Quick reference for AI/ML terms used throughout this book.

Term	Definition
Activation Function	Non-linear function applied to neuron output (ReLU, GELU, sigmoid)
Adversarial Example	Input crafted to cause misclassification while appearing normal to humans
Alignment	Training a model to behave according to human values and intentions
Attention	Mechanism allowing each token to weigh the relevance of every other token
Autoregressive	Generating output one token at a time, each conditioned on prior tokens
Backpropagation	Algorithm for computing gradients through a neural network
BLEU/ROUGE	Metrics for evaluating generated text quality
Chain-of-Thought (CoT)	Prompting technique that elicits step-by-step reasoning
Context Window	Maximum number of tokens the model can process at once
DPO	Direct Preference Optimization — alternative to RLHF for alignment
Embedding	Dense vector representation of a token capturing semantic meaning
Epoch	One full pass through the training dataset
Few-Shot	Providing examples in the prompt to guide the model
Fine-Tuning	Additional training on a specific dataset after pre-training
FGSM	Fast Gradient Sign Method — efficient adversarial attack
Gradient	Direction and magnitude of steepest ascent in the loss landscape
Gradient Descent	Optimization algorithm that follows negative gradients to minimize loss
Hallucination	Model generating confident but factually incorrect output
Hyperparameter	Training setting not learned from data (learning rate, batch size)

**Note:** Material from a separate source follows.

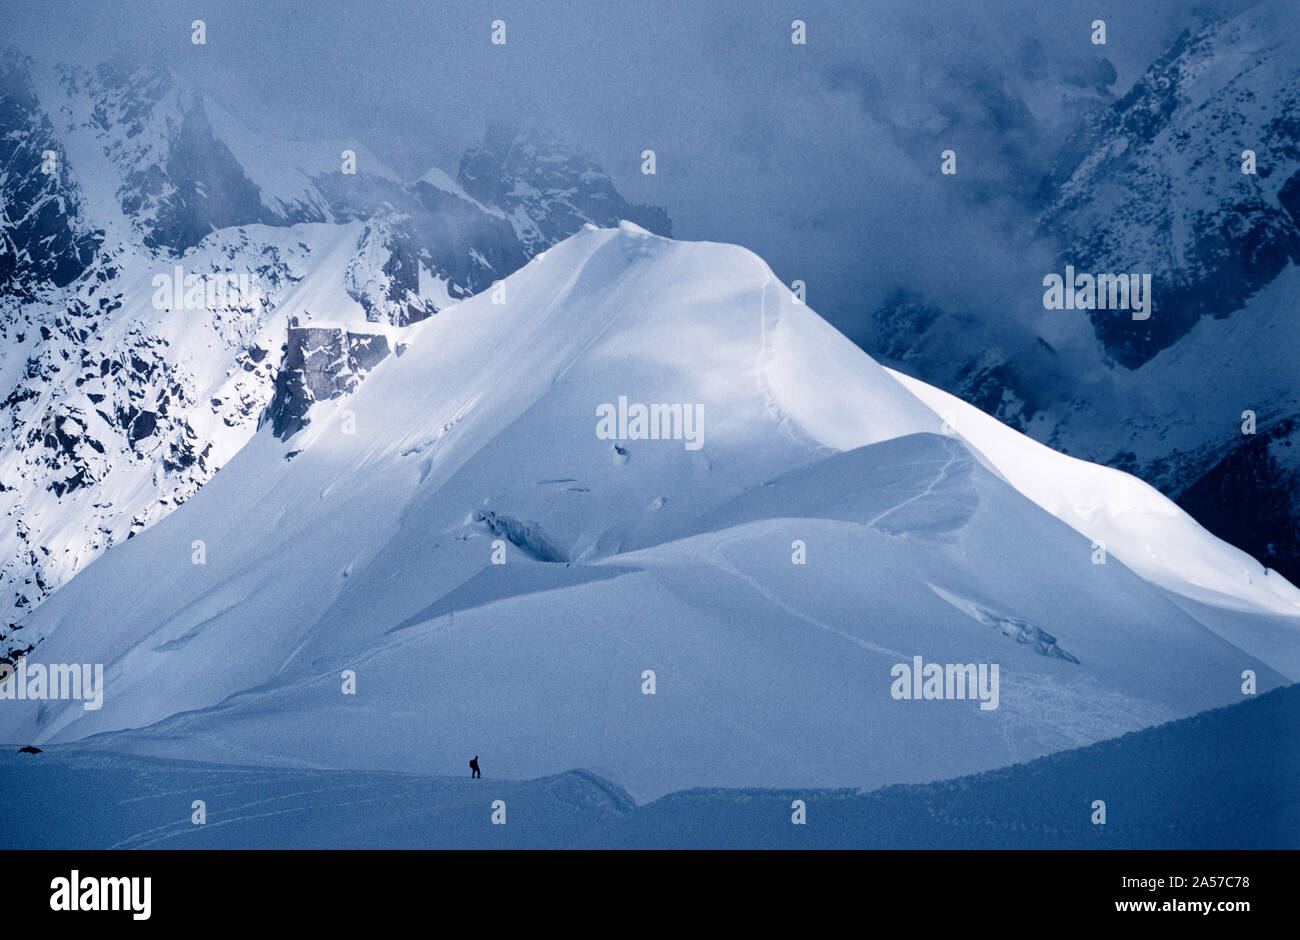 La minuscola figura di un alpinista sulla Aiguille de Midi con le montagne delle Alpi al di là Foto Stock

Inference	Using a trained model to make predictions
In-Context Learning	Model learning from examples provided in the prompt
Jailbreak	Technique to bypass model safety training
LoRA	Low-Rank Adaptation — efficient fine-tuning method
Loss Function	Measures how wrong the model's prediction is
LLM	Large Language Model
Logits	Raw model output before softmax normalization
Membership Inference	Determining if a specific sample was in the training data
MLP / FFN	Multi-layer perceptron / Feed-forward network within transformer layers
Next-Token Prediction	The training objective: predict the next token given prior context
Overfitting	Model memorizes training data, fails to generalize
Parameter	A learned weight in the model
Perplexity	Metric for how well a model predicts a text sample (lower = better)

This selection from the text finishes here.